It’s already been mentioned that “Queryable Encryption was designed by MongoDB’s Advanced Cryptography Research Group, headed by Seny Kamara and Tarik Moataz" - are you calling bullshit on their work? What are your qualifications?
So long as whatever system they designed has not been published and reviewed by independent experts, then yes. I don't have to be an expert in this space to recognize what the norms are for making new production ready cryptosystems are, and that this doesn't remotely meet them.
Designing secure cryptosystems is hard. Experts fail at it all the time. The lack of technical details is a major red flag.
Not to mention the distinct possibility that even if this group made a secure system, the mongodb marketing dept may very well be misrepresenting its security/limitations.
> Closed, source-available, software vendors are the anti-thesis of that. They want others to participate and contribute,
Whatever makes you claim they want others to contribute? They have a large engineering team, it probably wastes more of their time to review external “contributions” than add value.
> if I could modify the source code … But I can’t … legal.
You absolutely can. Where did you get the idea that you cannot?
> Whatever makes you claim they want others to contribute?
1. They started out, and achieved their success partly, by making an Open Source database. When you publish something under that moniker, into the Open Source community, it is generally assumed you want to collaborate. That's the default. Projects that want to publish Open Source software but don't want collaboration (e.g., SQLite, AOSP, etc.) make it clear and explicit that they do not take contributions. Because collaboration is the default.
2. They set up contribution guidelines[1]. Their words: "MongoDB welcomes community contributions!".
3. They set up their own trackers and tools to classify issues/tickets for external contributions. Their words, again from [1]: "tickets of an appropriate complexity for new engineers are marked with a “neweng” label."

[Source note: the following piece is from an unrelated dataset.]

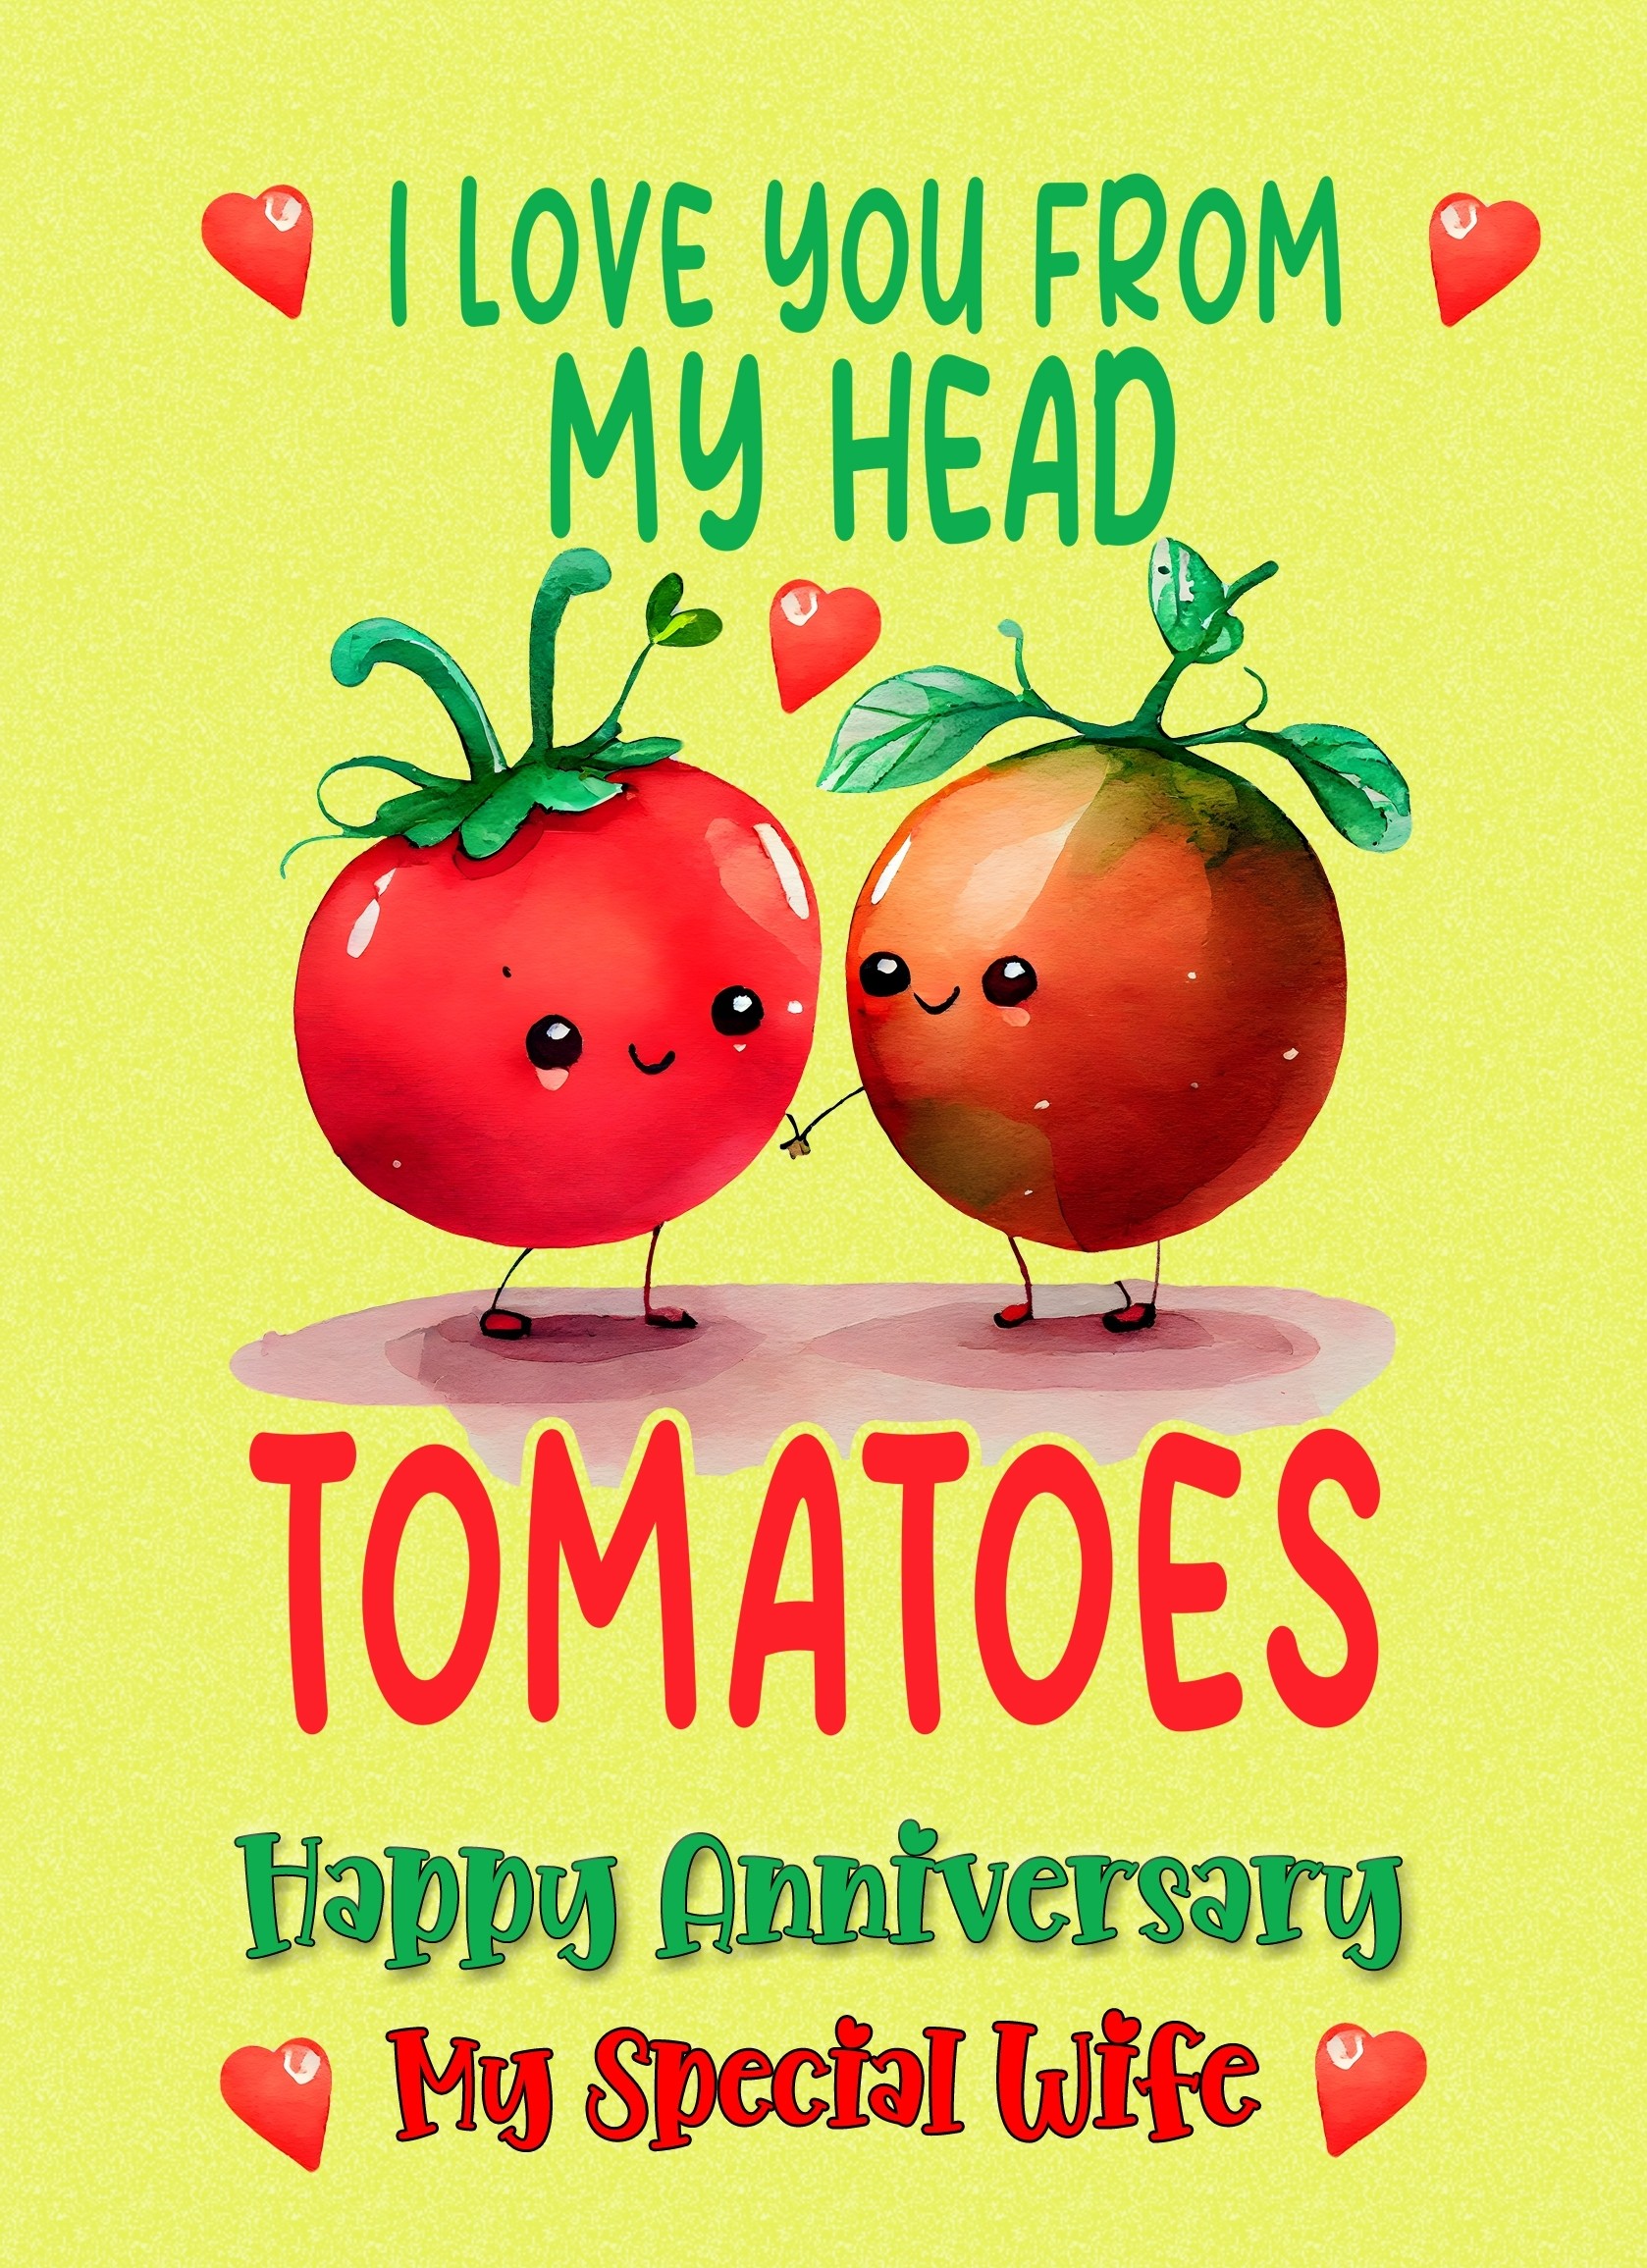 Funny Pun Romantic Anniversary Card for Wife (Tomatoes)

4. They evangelise Open Source contributions. Even when they demand copyright assignment to accept any contribution.
To distribute a modified version of MongoDB to a client, without breaking the conditions of the SSPL, I shall have to license my changes under the SSPL itself, and distribute a copy of the SSPL with it. I cannot legally convey a copy of the license text, even if MongoDB Inc. permits me to "copy and distribute verbatim copies" of the license document, when I know that they may not even have the copyrights to do so, and that the legal copyright holder of said document does not allow changes to it.
You are right that most big FOSS projects don't want your contributions, another ugly fact behind the open source myth. And why would they? How could you control code quality if you let randos write your stuff? You can't. No reasonable organization that is trying to make money from software would rely on people outside that organization to write or fix it.

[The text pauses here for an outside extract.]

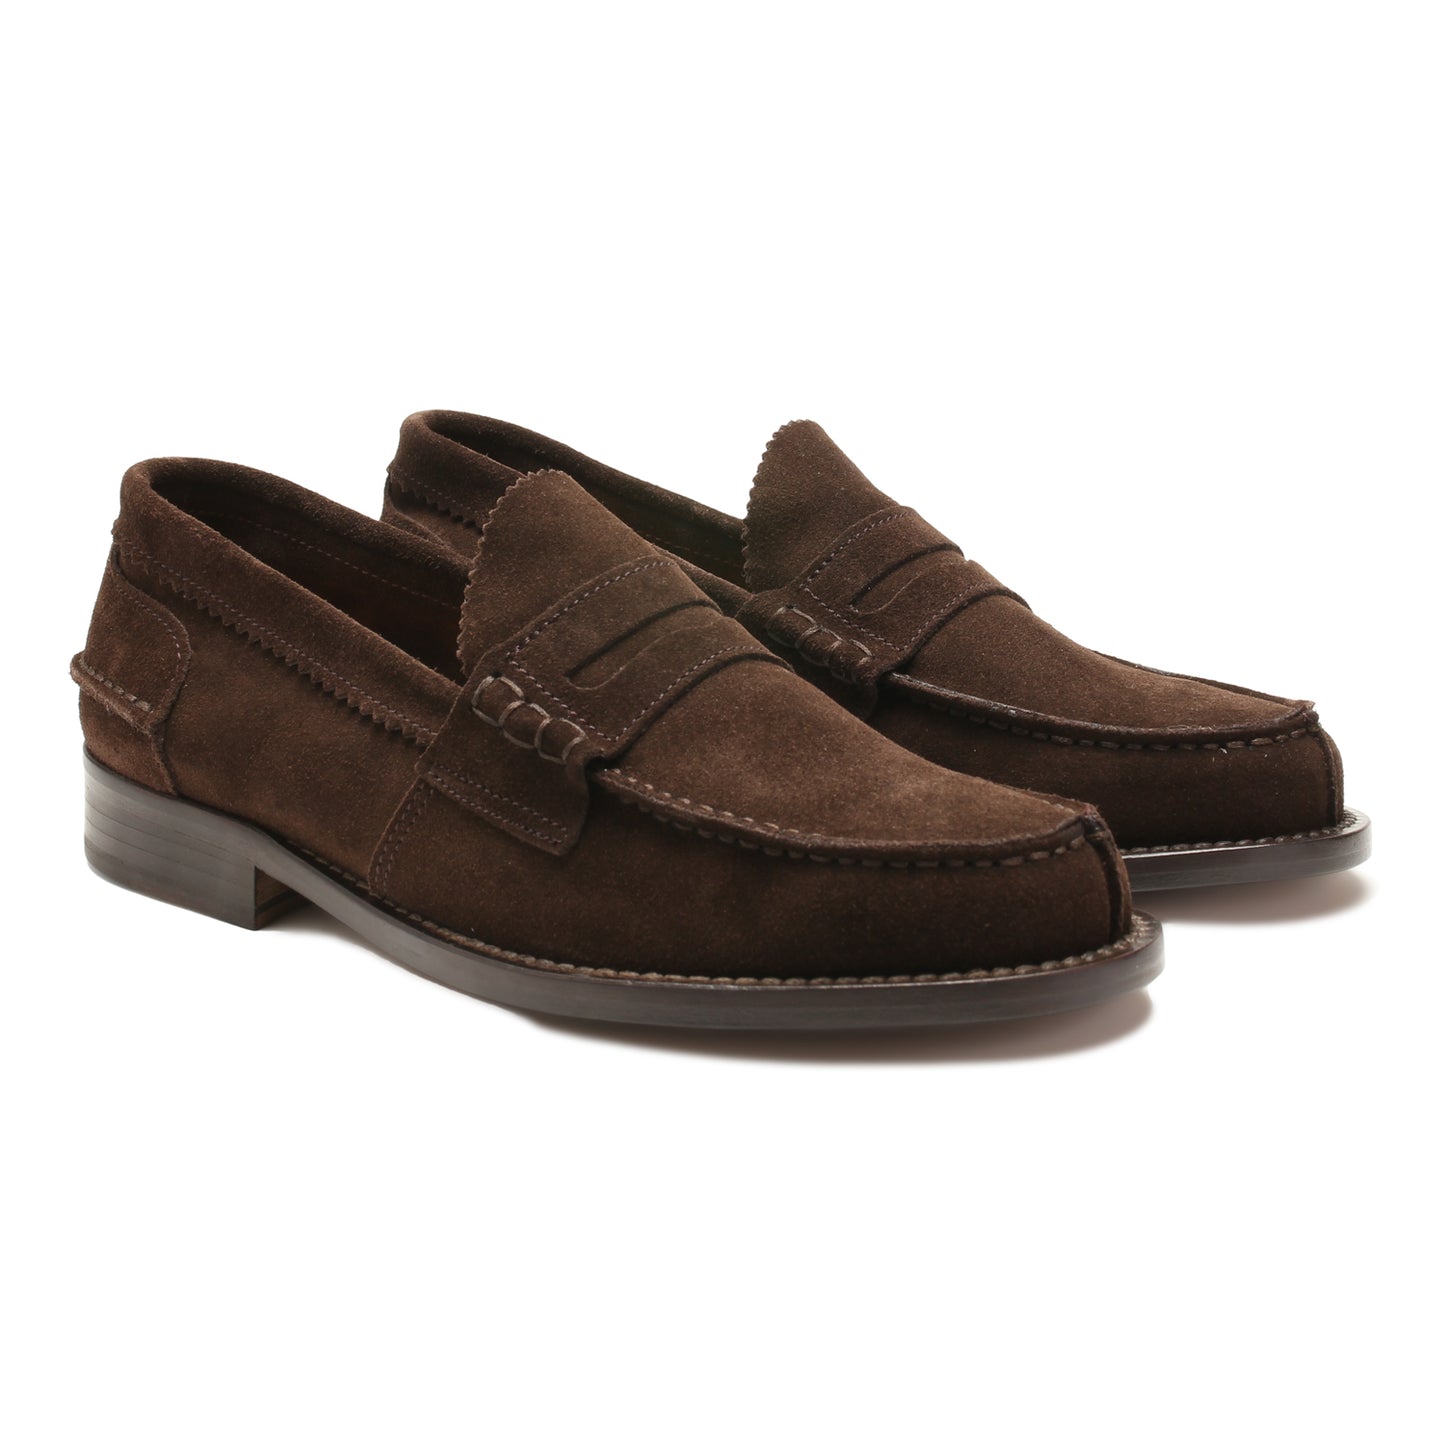 Elegant Mens Suede Leather Loafers

> How could you control code quality if you let randos write your stuff? You can't.
Huh? You use the pull request mechanism on Github. That's what it's there for. If people want to contribute, the PR needs to be up to standards. Just to pick one example, Elastic uses this method for ElasticSearch. [1] ES gets PRs from hundreds of unique contributors each year.
Pull requests don't mean the code gets integrated. It's just someone sharing a suggestion. Unless that suggestion happens to be on the project's to-do list or it fixes an open bug, I'd say it's unlikely to get merged.
Elasticsearch's top contributors (the three I checked) seem to work for Elastic, which goes to what I'm saying. No profit-making business can have its workflow dictated by the public. Even if a pull request is accepted, the team has to go through all the same code review and testing processes as if the code had originated in-house, and that's not always feasible or on the timeline when the request comes in.
> Unless that suggestion happens to be on the project's to-do list or it fixes an open bug, I'd say it's unlikely to get merged.
There are lots of open source projects that contradict your assertion. Here are 3 projects that have been quite liberal about accepting PRs from outside.
* MySQL - MySQL AB was very open about accepting external patches. Oracle still does today.
* ClickHouse - Yandex team has the most commits, but accepts PRs from hundreds of outside contributors.
* Superset - Apache project that is supported by Preset. Again, pretty open to new PRs as far as I can tell.
Overall it's a question of how the community is governed. A lot of us view open source communities as sources of innovation. That being the case, why would you refuse a good PR? Somebody just solved a problem for you, maybe one you didn't even know existed.
Nope, just the same API, completely unrelated codebase.